By taking advantage of the time–frequency analysis of EMD, the problems of modal aliasing and frequency inconsistency in EMD must be resolved. Therefore, the current study consists of two parts. First, based on the traditional EMD, an improved heuristic empirical mode decomposition (HM-EMD) method is proposed. This method improves the purity of IMFs by adopting adaptive mask signals. With this method, the frequency domain distribution and IMF dimension can be stabilized and the inconsistency of the IMF dimension can be improved. The mask signals introduced in EMD can be obtained through heuristic learning and provide technical support for the feature extraction of hidden acoustic signals. On the basis of the mask signals, the hidden audio component features (HACFs) for audio stream recognition are constructed. According to the classification dataset Task-A [19] of the environmental audio stream in DCASE, hidden acoustic events, such as ‘birdsong’ and ‘footsteps’ in environmental audio streams, can be located and analyzed. The analysis results can be applied for multiple levels and multiple time scales of environment safety certification in audio streams. They can also be applied to other complex acoustic analyses and processing.

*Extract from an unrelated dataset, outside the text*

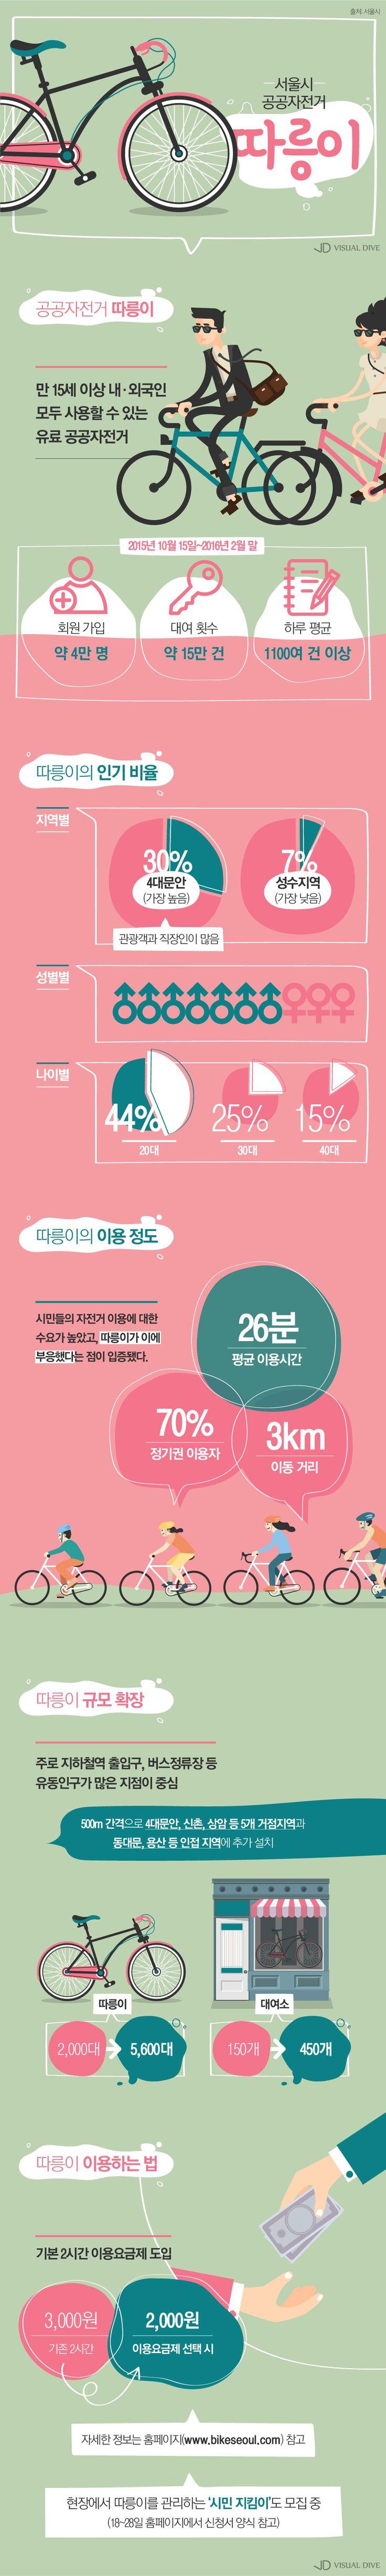 서울시 공공자전거 '따릉이' 대여 방법은? [인포그래픽] | VISUAL DIVE

This work is divided into five parts. The second part mainly introduces the principle of HM-EMD. The signal processing flow and existing problems of the classical EMD algorithm are analyzed, and the principle of the HM-EMD algorithm is presented in detail. The third part describes the mining of hidden information in audio streams on the basis of the proposed HM-EMD. Specifically, environmental audio stream data are analysed, and the HACFs for hidden information in audio streams are designed according to the analysis results. The fourth part presents the classification of audio streams on the basis of HM-EMD. The experimental dataset is obtained from the low-complexity acoustic scene classification task provided by DCASE in 2020. The experimental results show that the proposed method can accurately extract and locate hidden acoustic events, thus improving the accuracy of audio stream classification. The fifth part summarises the characteristics of the proposed method and presents future research directions.

Heuristic Mask for Empirical Mode Decomposition

Empirical Mode Decomposition Method

Empirical Mode Decomposition

EMD can decompose the original signal x(t) ( $t \in N, N = {0,1, ...... n}$ ) into a series of IMFs whose upper and lower envelopes have a mean value of 0. This decomposition method does not need to preset basis functions (such as Fourier transform or wavelet analysis), but the IMFs should satisfy the following formulas:

| N u m_{e x t r e a m} - N u m_{c r o s s} | \leq 1 (1)

\sum_{t \in N} B_{\max} (t) + \sum_{t \in N} B_{\min} (t) = 0 (2)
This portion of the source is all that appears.